3 mars 2016

ROBOCOP VERSUS TERMINATOR (1992)


Nous sommes en 1992. J'ai 19 ans. Dark Horse annonce la parution d'une mini-série dans laquelle se croiseront deux icônes cinématographiques de l'époque: Robocop et Terminator.

Le scénario est de Frank Miller. Les dessins sont de Walter Simonson.

Rien n'aurait pu m'empêcher de mettre la main là-dessus. Et à l'époque, je n'avais vraiment pas été déçu!

Je relis ça 25 ans plus tard et si je tripe un petit peu moins, je continue de penser que c'est une belle mini-série.

Les premières pages du premier numéro nous plongent au coeur de la dernière bataille entre les humains et les Terminators. Dans une cacophonie d'explosions et de tirs d'obus, les derniers résistants tombent comme des mouches devant l'impitoyable armée mécanisée. Le narrateur, c'est Skynet lui-même. Son mépris pour les derniers humains, ces "choses désespérées et suintantes" est abyssal. Mais juste comme tout semble gagné, les Terminators se rendent compte que la bataille était une diversion pour permettre à un femme, la dernière créature vivante sur Terre, de se glisser à l'intérieur d'une base régionale.

Le plan de cette dernière est simple: elle veut reculer dans le temps pour éliminer Skynet à sa source. Le programme génocidaire, dit-elle, est le résultat du mariage entre le logiciel militaire et l'esprit d'un être mi-homme et mi-machine: Alex Murphy! Éliminer cet homme permettra donc d'éviter cet avenir apocalyptique pour l'humanité.

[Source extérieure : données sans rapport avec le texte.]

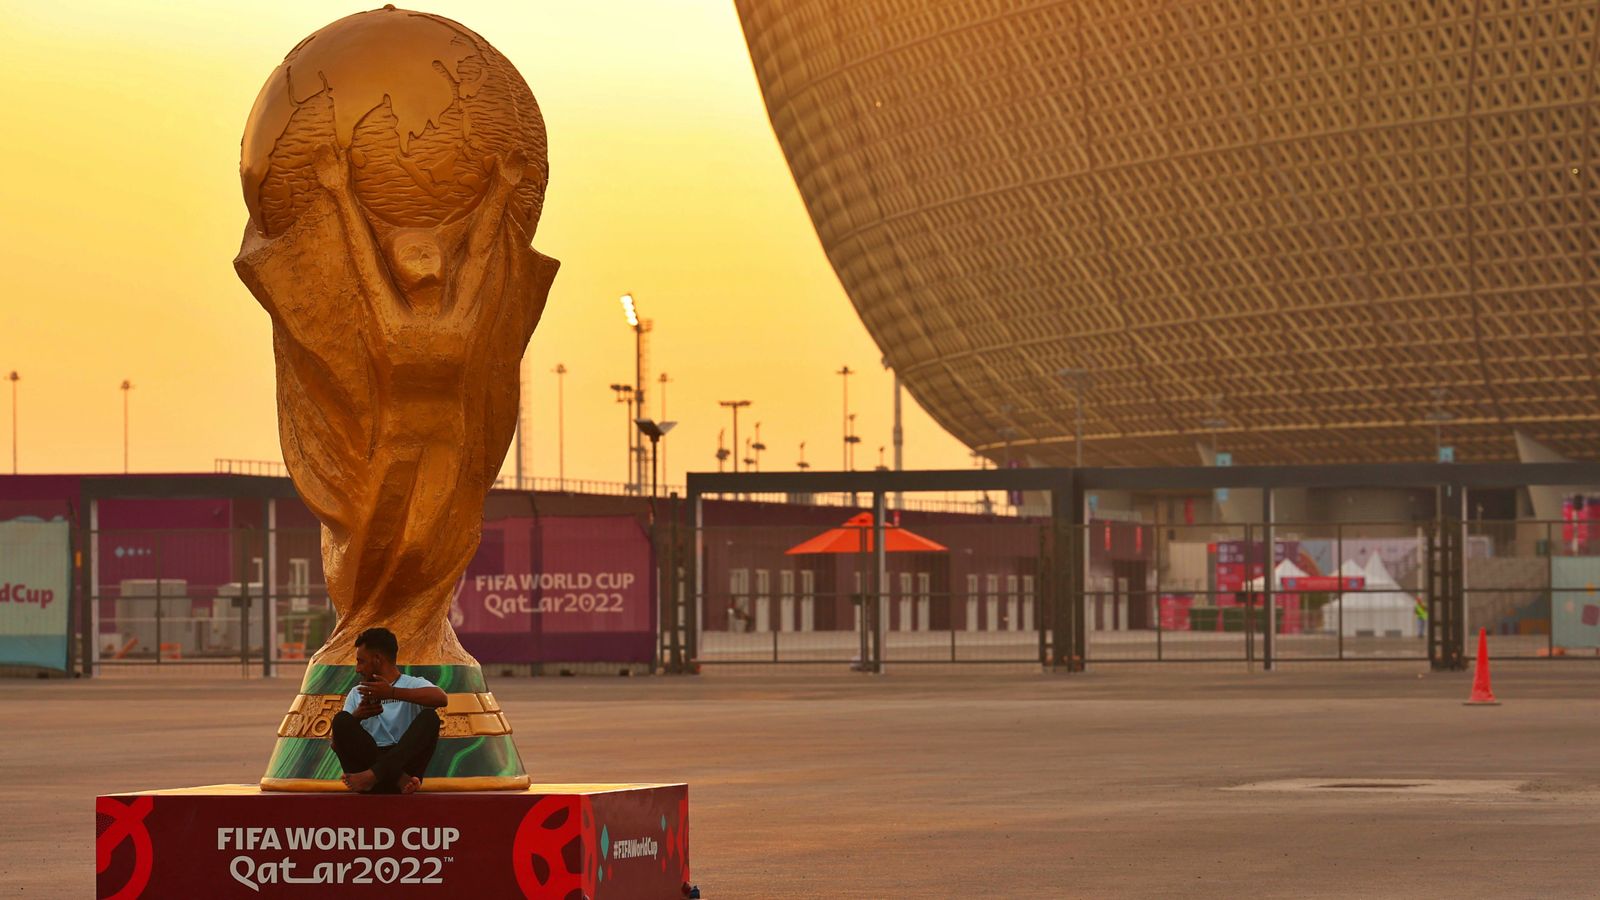 Qatar World Cup: Beer to be banned from all stadiums - except for corporate spectators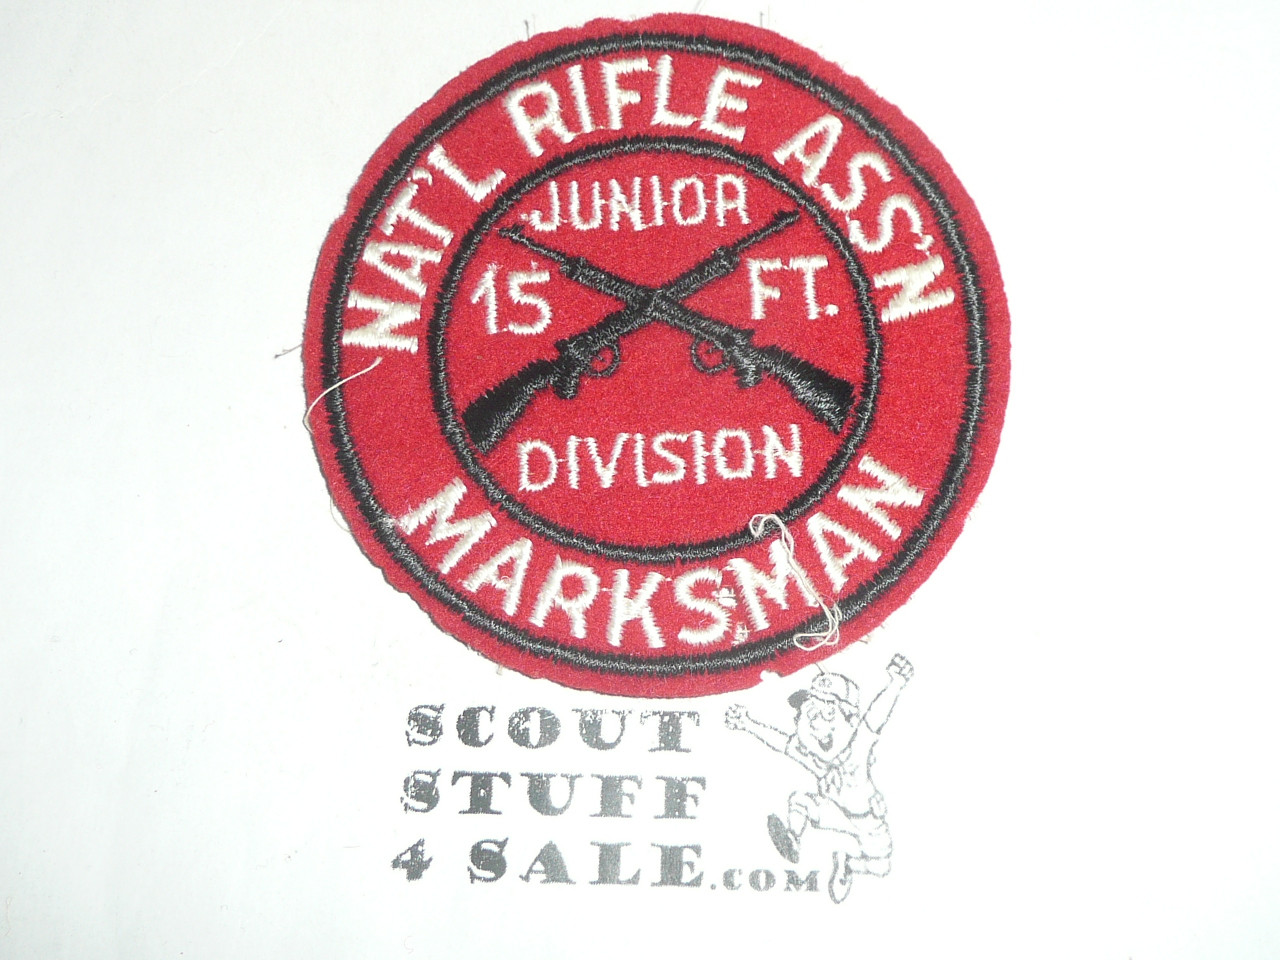 National Rifle Association NRA Junior Division 15 feet Marksman Felt Patch, used in Scout Camps

L'opération est un succès et la jeune femme se retrouve en plein milieu d'une rue de Détroit. Malheureusement, elle découvre rapidement qu'à ce moment de l'histoire, Murphy a déjà été transformé en Robocop, ce qui en fait une cible infiniment plus difficile à éliminer. Ajoutez à cela un trio de Terminators qui reculent également dans le passé afin de préserver leur "géniteur" et le moins qu'on puisse dire, c'est que la partie n'est pas gagnée d'avance!

J'ai eu beaucoup de plaisir à relire cette série. Elle demeure de très bonne qualité. Le scénario est riche en rebondissements et en surprises. Miller ne déçoit pas. Sa prose est très agréable à lire et sa narration joue un rôle crucial pour créer une ambiance enveloppante et pour exacerber l'intensité de chaque moment. Le seul truc qui m'agace un peu, c'est la mécanique des voyages temporels et les effets de ces derniers sur le continuum du temps. Disons qu'on s'en tient à une théorie assez peu sophistiquée, mais ce n'est pas essentiel à l'histoire. Les dessins de Simonson sont dynamiques et très réussis. Certaines des ses pages sont tout simplement épiques.

Ces deux gars-là sont des maîtres et ils nous livrent un opus très solide qui mérite encore d'être lu.